Is the decline in income and higher imports affecting state coffers?

According to the IMF's $4.7 billion loan package condition, the Bangladeshi government must increase revenue collection for the state coffers by a specified percentage for FY24, FY25, and FY26 based on the current FY23 revenue collection.

Yet, figures for the first seven months of the current fiscal year show that the National Board of Revenue (NBR) resource mobilization growth has already slowed compared to the same period the previous fiscal year.


Based on an analysis of the NBR's most recent preliminary data, the two most pressing issues are income tax and import and export taxes.

This shows the erosion of income for both individuals and corporations, as well as the subsequent increase in imports.

According to the latest NBR data, income tax growth was 6.49% from July to January of FY23, followed by import and export taxes at 7.74%.

Whereas with 15% rise, VAT followed a reasonable increase and overall tax income collection increased by 18.56% in FY22.

Until December 2022, tax revenue collection increased by 11%.

Tk172,000 crore has been deposited in the state coffers until January, trailing behind the target of Tk189,000 crore set for the period by Tk17,266 crore.

For the last seven months, NBR collected Tk66,602 crore in VAT, Tk53,261 crore in income and travel tax, and Tk52,445 crore in import and export taxes.

Data analysis also reveals that import and export duty collection fell short of the target by Tk11,975 crore, the largest shortfall among the three wings, followed by income tax collection of Tk2,758 crore and VAT collection of Tk2,531 crore.

Last year, the NBR increased income tax collection by 22.23% between July and January.

According to NBR data, 2.8 million taxpayers out of 8.4 million TIN holders filed tax returns in fiscal year 2022-23.

IMF conditions and challenges

The International Monetary Fund (IMF) set a target of increasing Bangladesh's tax GDP ratio from 7.8% to 8.3% by the end of FY24 and to 9.5% by the end of FY26.

To meet IMF's condition for the $4.7 billion loan package, the Bangladeshi government needs to raise the revenue by at least an additional Tk65,000 crore by the end of FY24.

As per multilateral lender organization conditions, if the revenue can be mobilized in proportion to GDP after FY26, at least Tk234,000 crore more will be added than the revenue that will be accumulated in the state coffer at the end of FY23.

At the end of FY25, the amount of this additional revenue collection has to generate Tk138,300 crore more than FY23, according to a calculation by Policy Research Institute (PRI) Bangladesh.

To achieve this target and fulfill IMFs conditions, economists are saying that major structural reforms are needed as early as possible.

Economists weigh in

Ahsan H Mansur, executive director of Policy Research Institute (PRI) said: “There is no chance of any change in the situation, unless the government pays attention to reforming the tax department.

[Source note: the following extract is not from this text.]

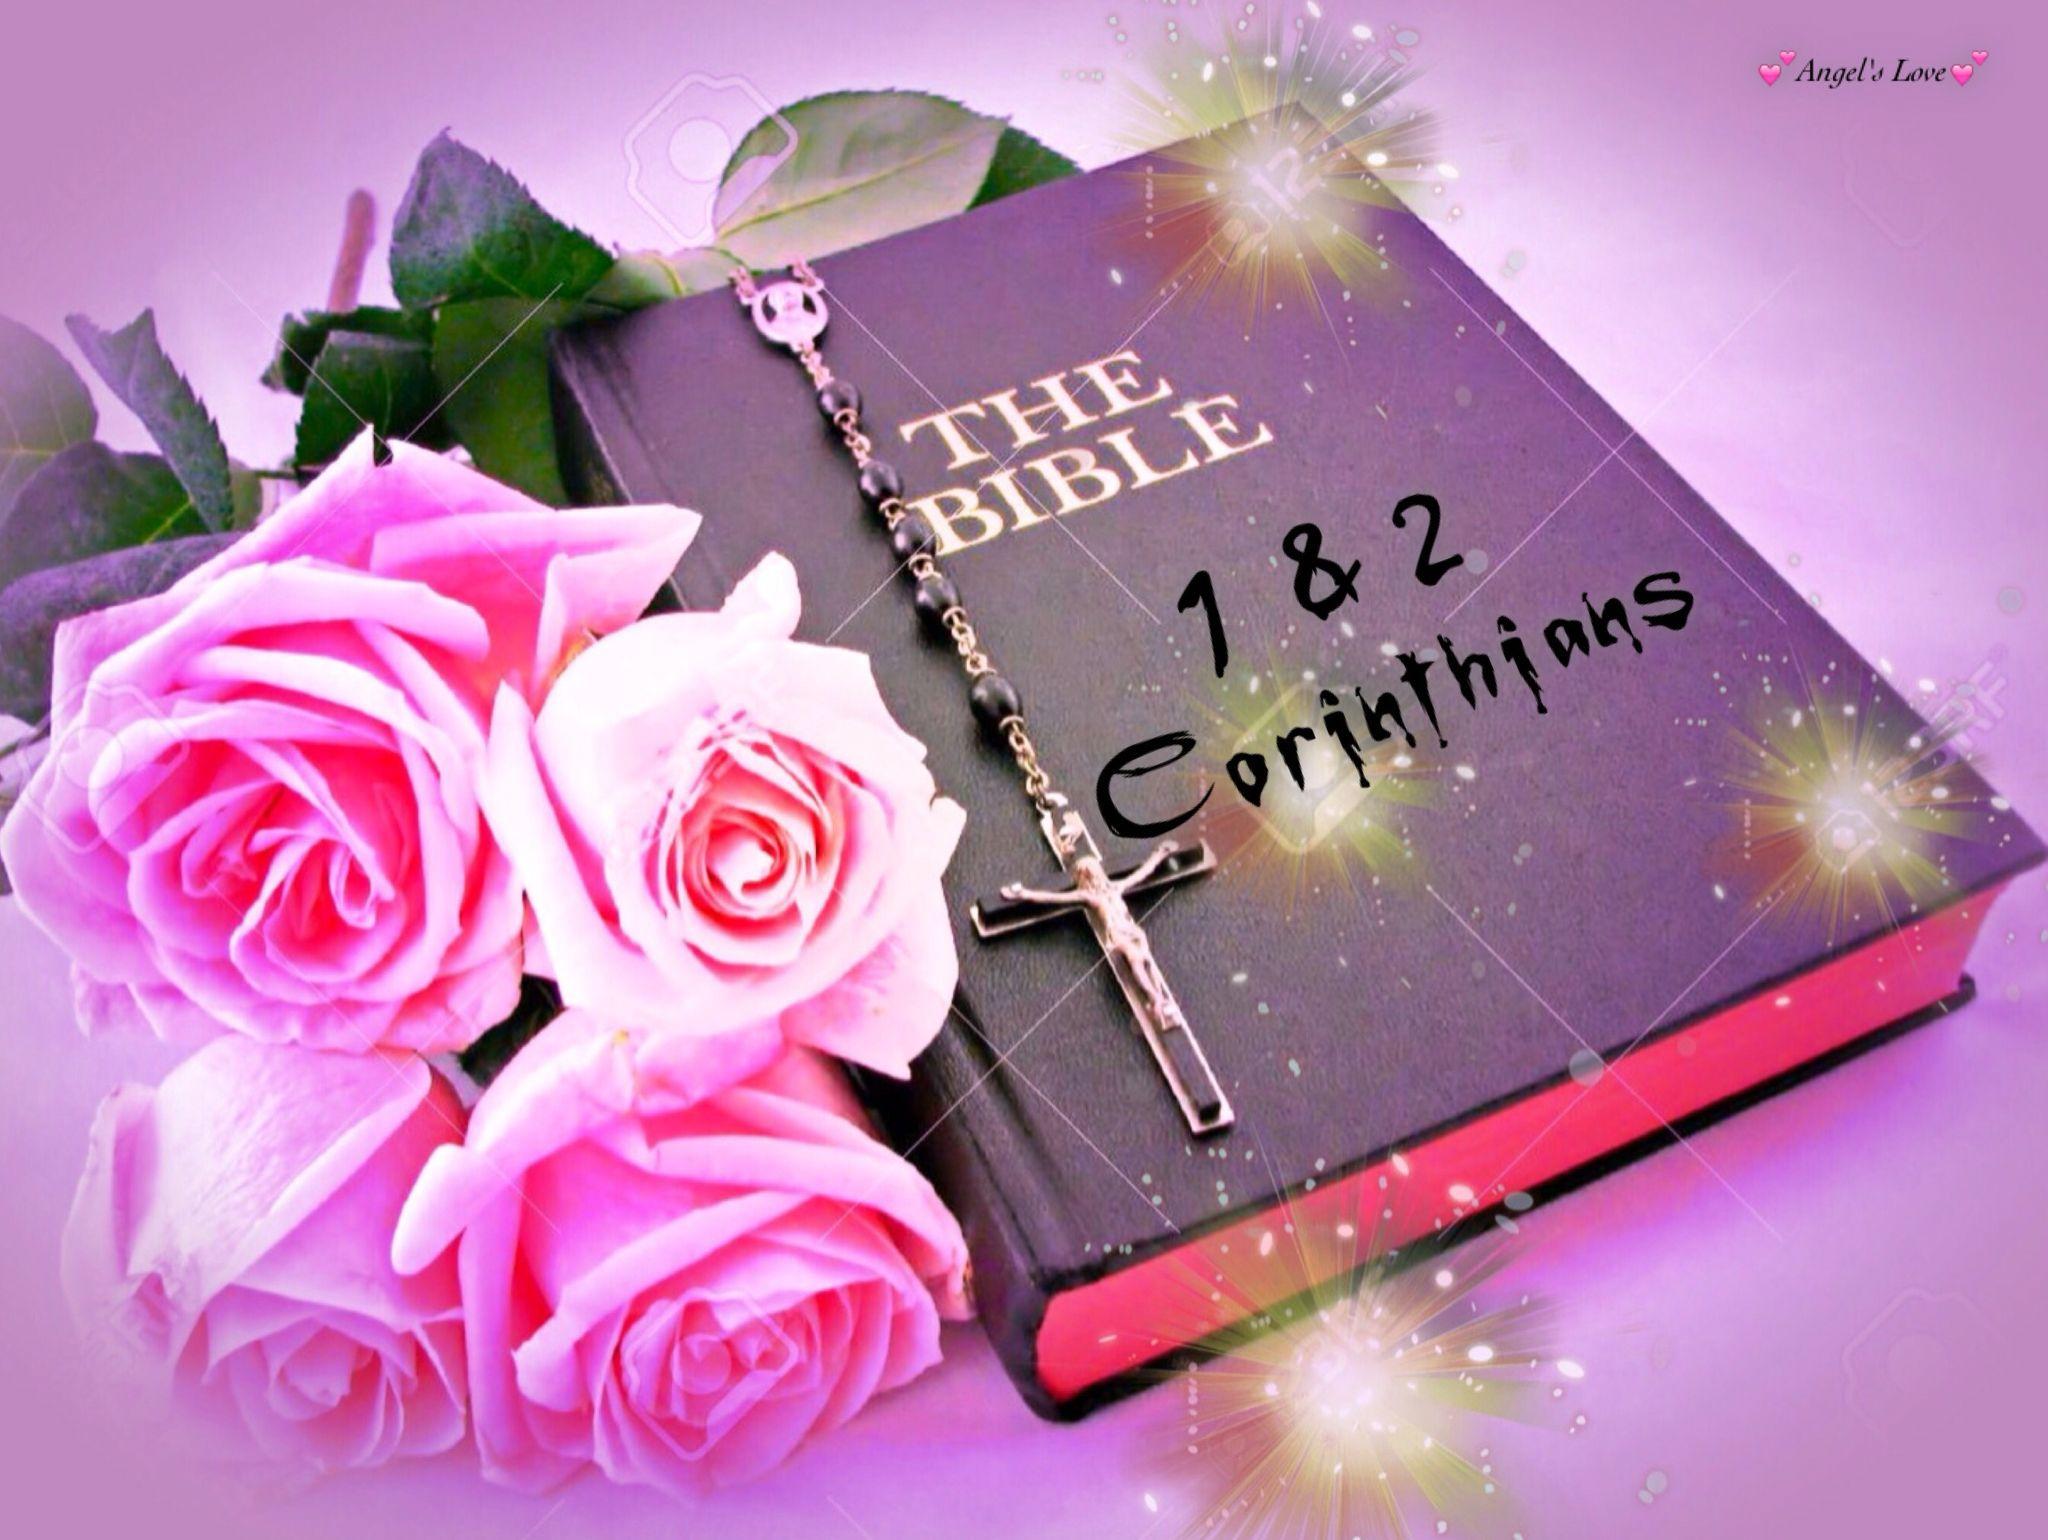 Bible Scripture from 1 & 2 Corinthians

To meet IMF conditions, major structural reforms are needed as early as possible. But this reform is not just because the IMF says so. This reform is necessary for us. So we would like to implement it as our homegrown agenda.”

Answering a question regarding the main challenges, this former IMF official said that corruption and inefficiency are the main reasons for the tax-GDP ratio remaining at an unsatisfactory level.

Mohammad Abdur Razzaque, chairman of the Research and Policy Integration for Development (Rapid) and research director of the Policy Research Institute (PRI) said earlier that IMF's loan condition on domestic revenue mobilization should be considered as part of a home-grown agenda and the tax-GDP ratio needs to go much higher than what has been suggested.